In private equity, that usually starts with a cash flow forecast. You try to figure out how much money the business is going to make over the next five or ten years, and then you discount that back to today. Think of it like this: would you rather have a dollar now or a dollar in five years? You’d take it now, unless someone compensates you for waiting—and for the risk that something goes wrong in the meantime. That’s what the discount rate is doing.
This method, called discounted cash flow or DCF, is popular because it puts cash at the center of the valuation. But it’s also very sensitive to assumptions—growth rates, margins, capex, and exit values all matter. That’s why institutional investors always cross-check their DCFs with comparables. They look at similar companies that have sold recently or are trading publicly and ask: what kind of multiple is the market paying for these earnings or revenues? If your DCF says a company is worth $500 million but the market is paying $800 million for every other firm like it, something might be off.
And if it’s a leveraged buyout, the modeling goes even deeper.
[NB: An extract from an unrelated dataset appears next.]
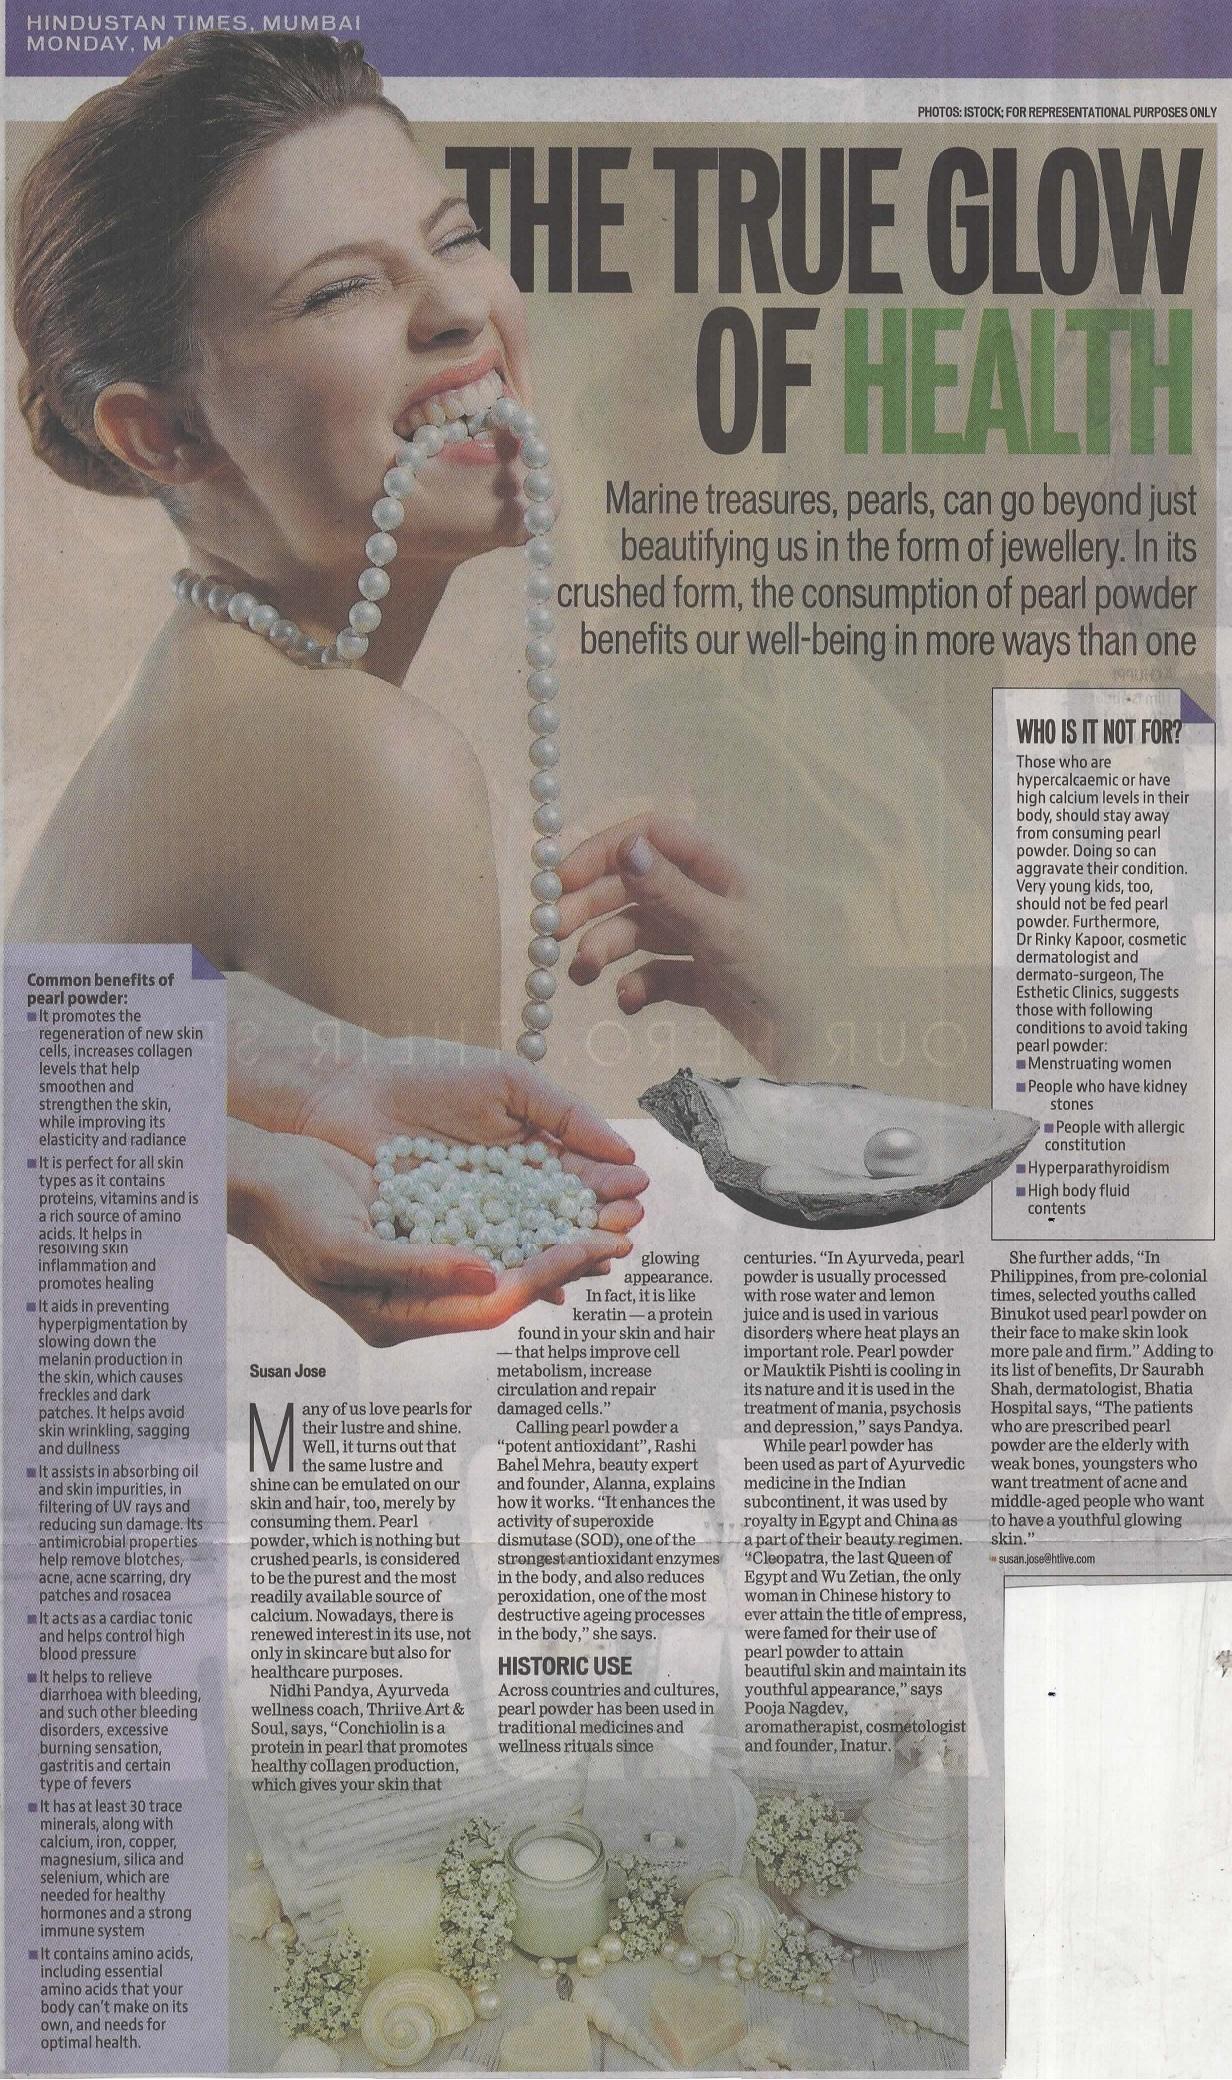 The True Glow Of Health - Hindustan Times
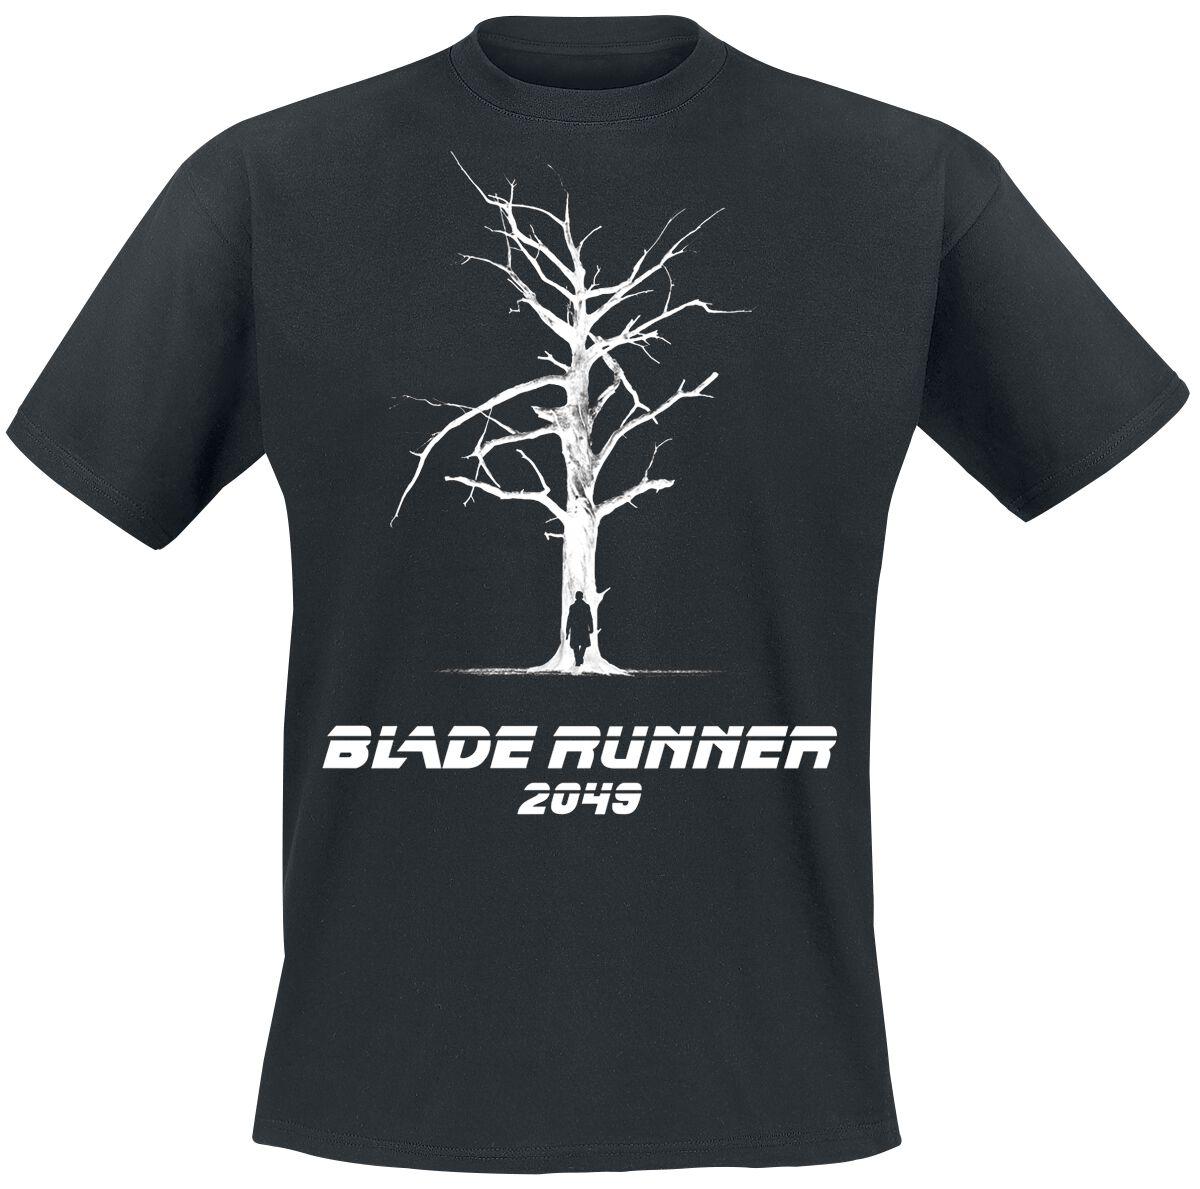 Merch dla Fanów - Koszulki - T-Shirt Blade Runner 2049 - Tree T-Shirt czarny - 369277

Now you’re not just thinking about value, you’re thinking about capital structure. How much debt can this business support? Can it service interest payments under different scenarios? What kind of exit multiple do you need to hit a 20% internal rate of return? These models aren’t just for fun—they’re central to the investment thesis. If the numbers don’t pencil out, the deal doesn’t happen.
Credit investors see the same company through a different lens. They’re not looking for upside—they’re trying to avoid downside. Their job is to figure out: will this company pay me back? And what happens if it doesn’t?
Valuation in credit revolves around yield and risk. A lender will look at the interest rate on the loan, compare it to a benchmark like SOFR, and ask whether the spread justifies the risk. But “risk” isn’t a single number—it’s a mix of things. What’s the company’s leverage? How volatile are its revenues? What covenants are in place to restrict risky behavior? If things go bad, how much of the loan could be recovered? Lenders will build scenarios where revenues fall, EBITDA contracts, and liquidity dries up—and then they check how far down the capital structure they are.
This is where the landscape starts to widen. Some lenders focus on large syndicated loans to sponsor-backed companies. These are usually arranged by investment banks and end up in the hands of CLOs or mutual funds. Others operate in the direct lending world—private funds that structure bespoke loans for middle-market firms. And then there are BDCs, which are publicly traded vehicles that behave a lot like private credit funds but serve retail investors and often target smaller borrowers.
Each of these lenders has their own tolerance for risk and return. But they all care about the same core issue: can the borrower generate enough cash to stay current, and what happens if it can’t?
What ties private equity and private credit together is that they both operate in a world without public pricing. Every deal is a custom job. Every valuation is a hypothesis. And every model is only as good as the assumptions you feed it. There’s no ticker to fall back on—just spreadsheets, judgment, and a deep understanding of how businesses behave under pressure. That’s why in this world, valuation isn’t a number. It’s a conversation.